Print the data below verbatim, minus images.

▶ [Supplied material]
──────

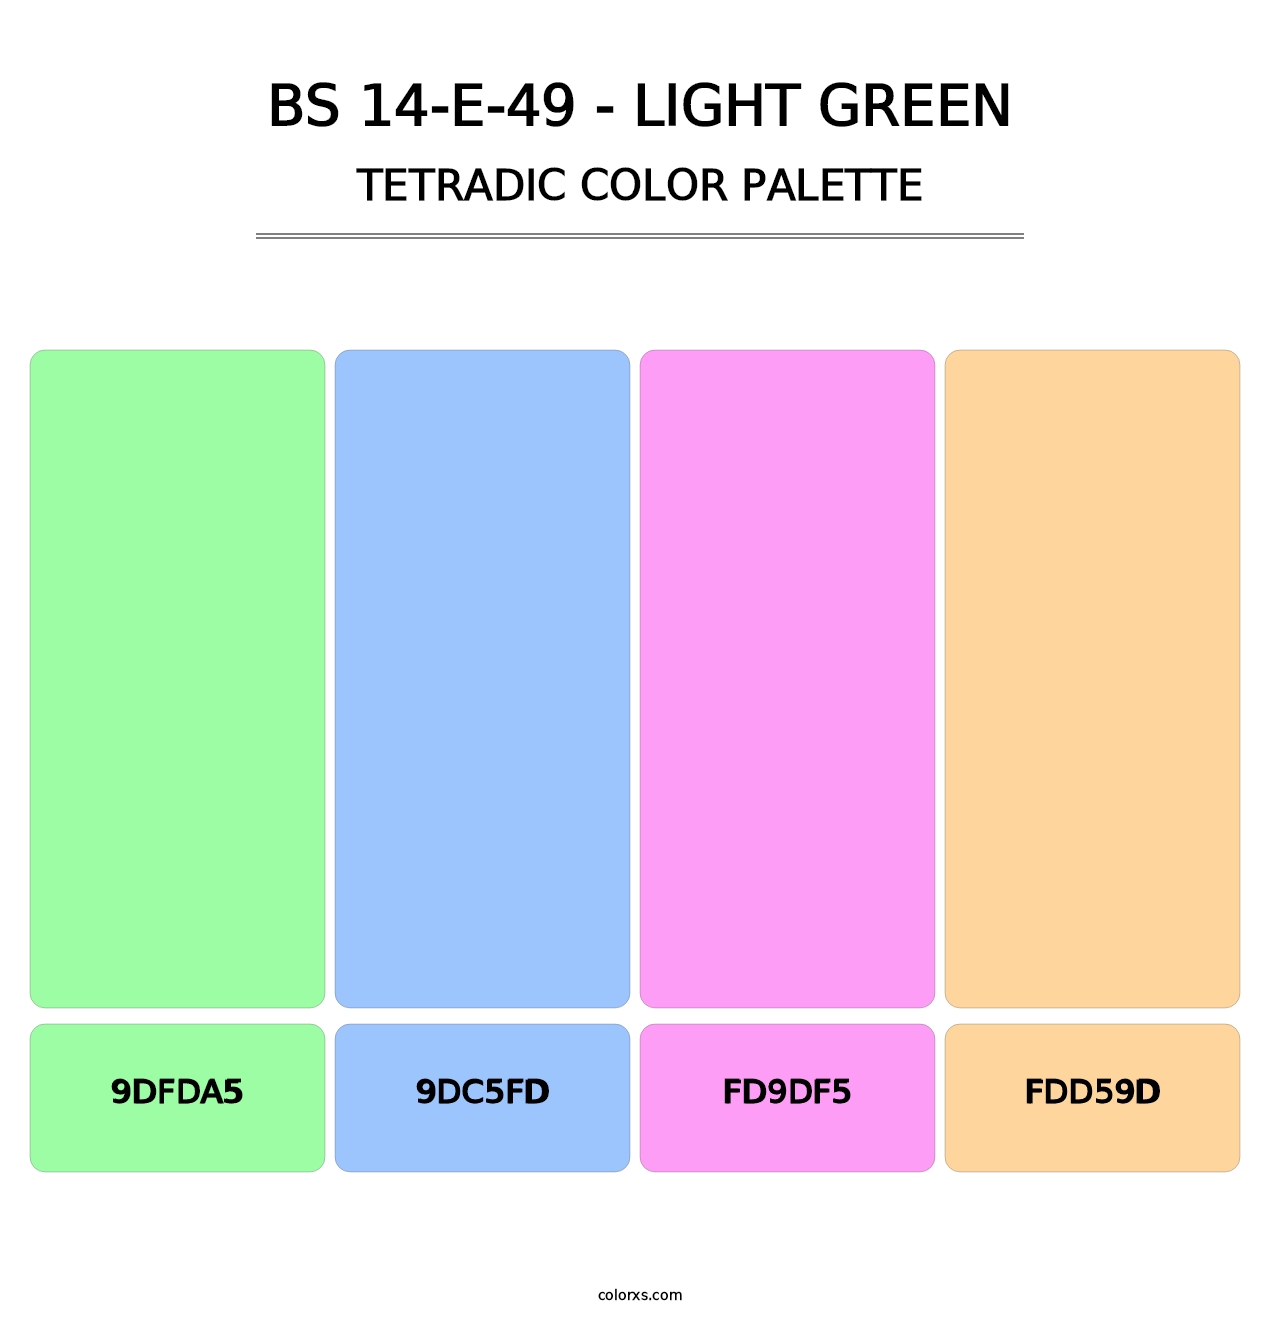 BS 14-E-49 - Light Green - Tetradic Color Palette
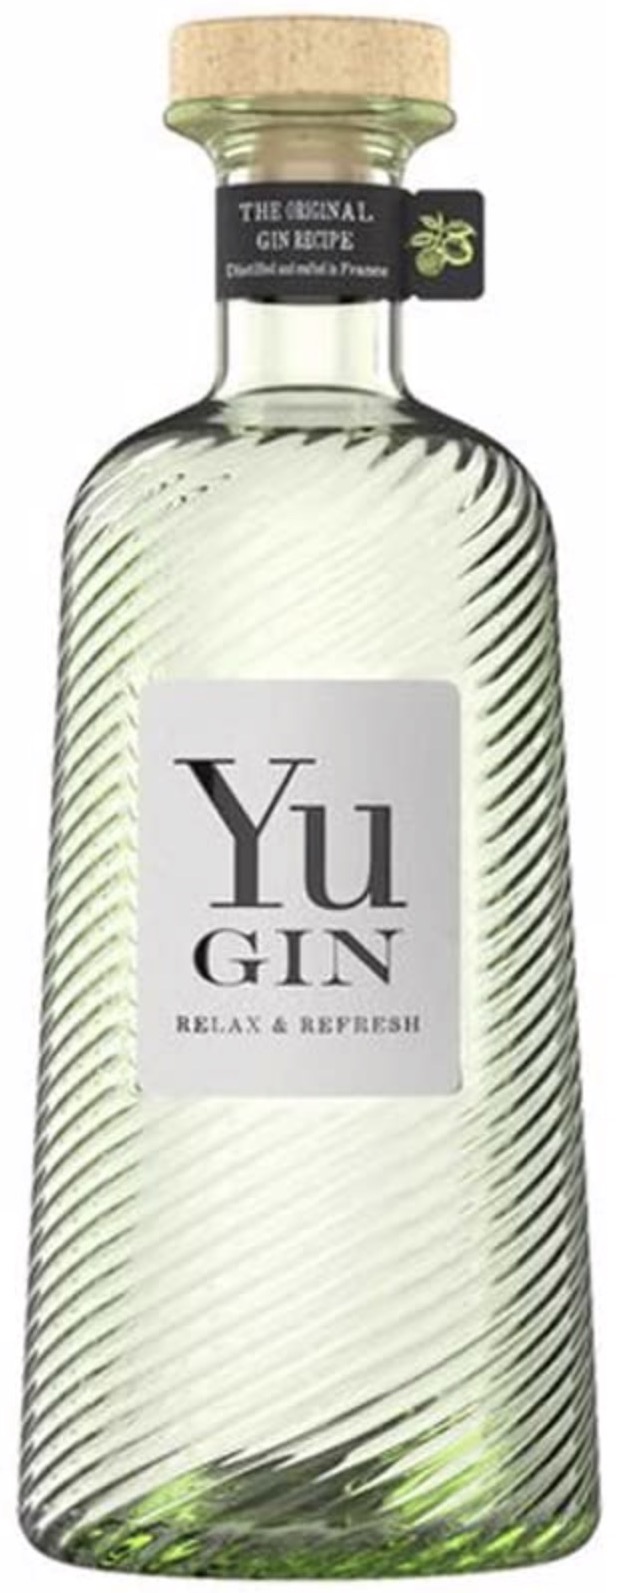 Yu Gin Frankreich 43% vol. 0,7L
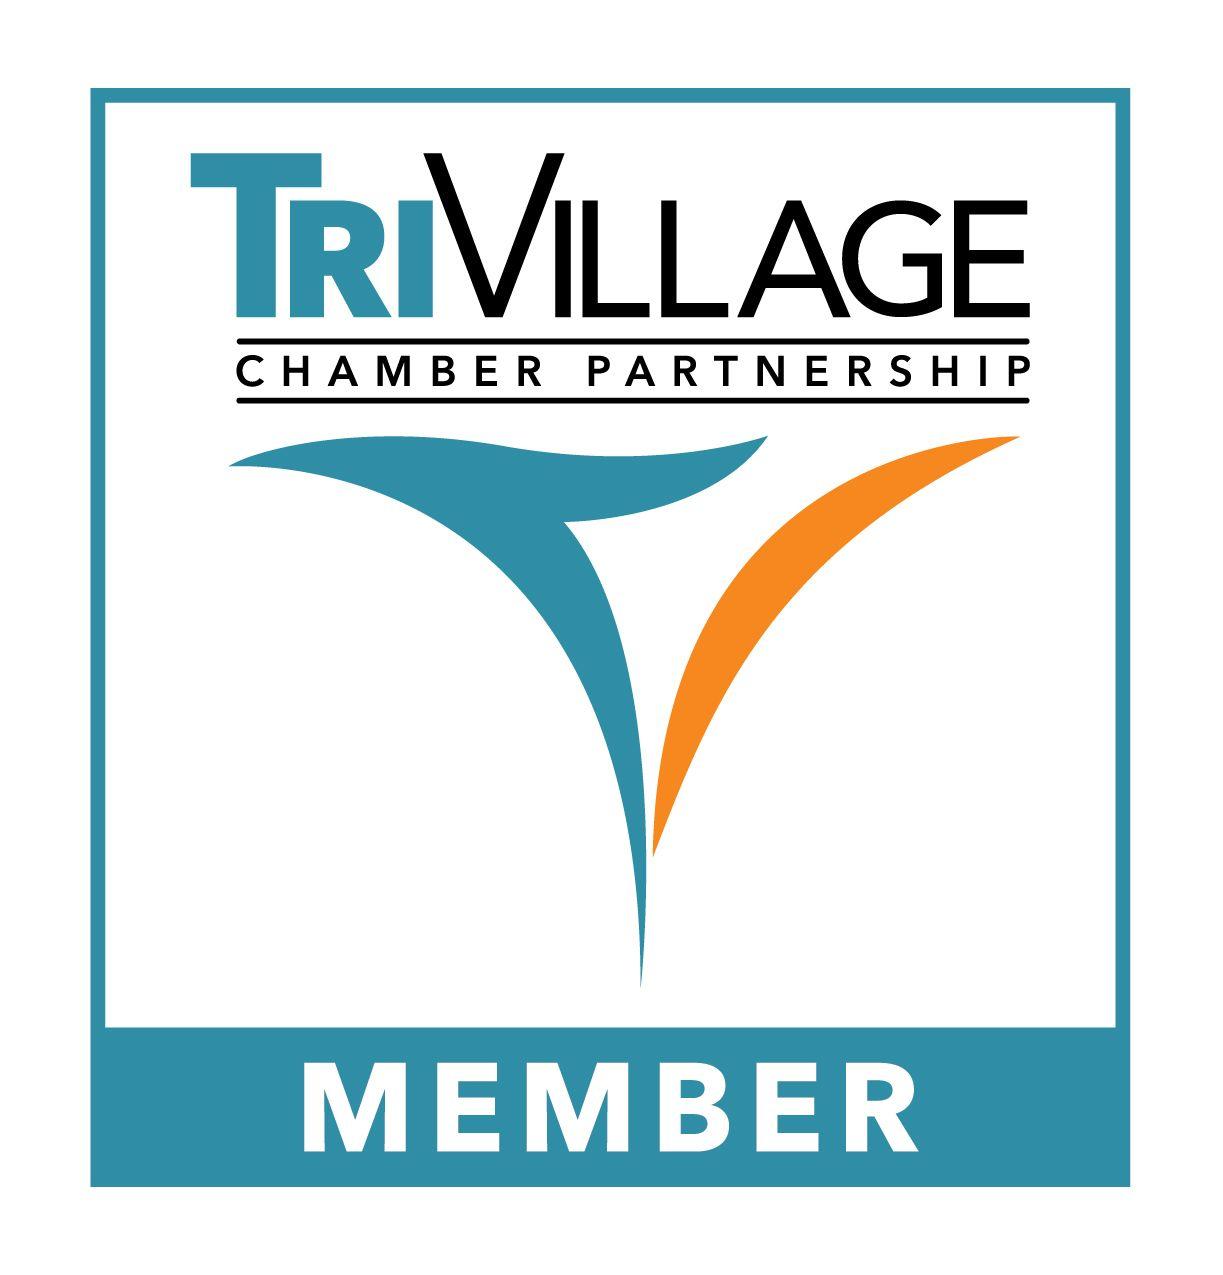 Agreement Logo - Logo Usage. Tri Village Chamber Partnership

──────

▶ [Reply]
 BS 14-E-49 - Light Green - Tetradic Color Palette
 Yu Gin Frankreich 43% vol. 0,7L
 Agreement Logo - Logo Usage. Tri Village Chamber Partnership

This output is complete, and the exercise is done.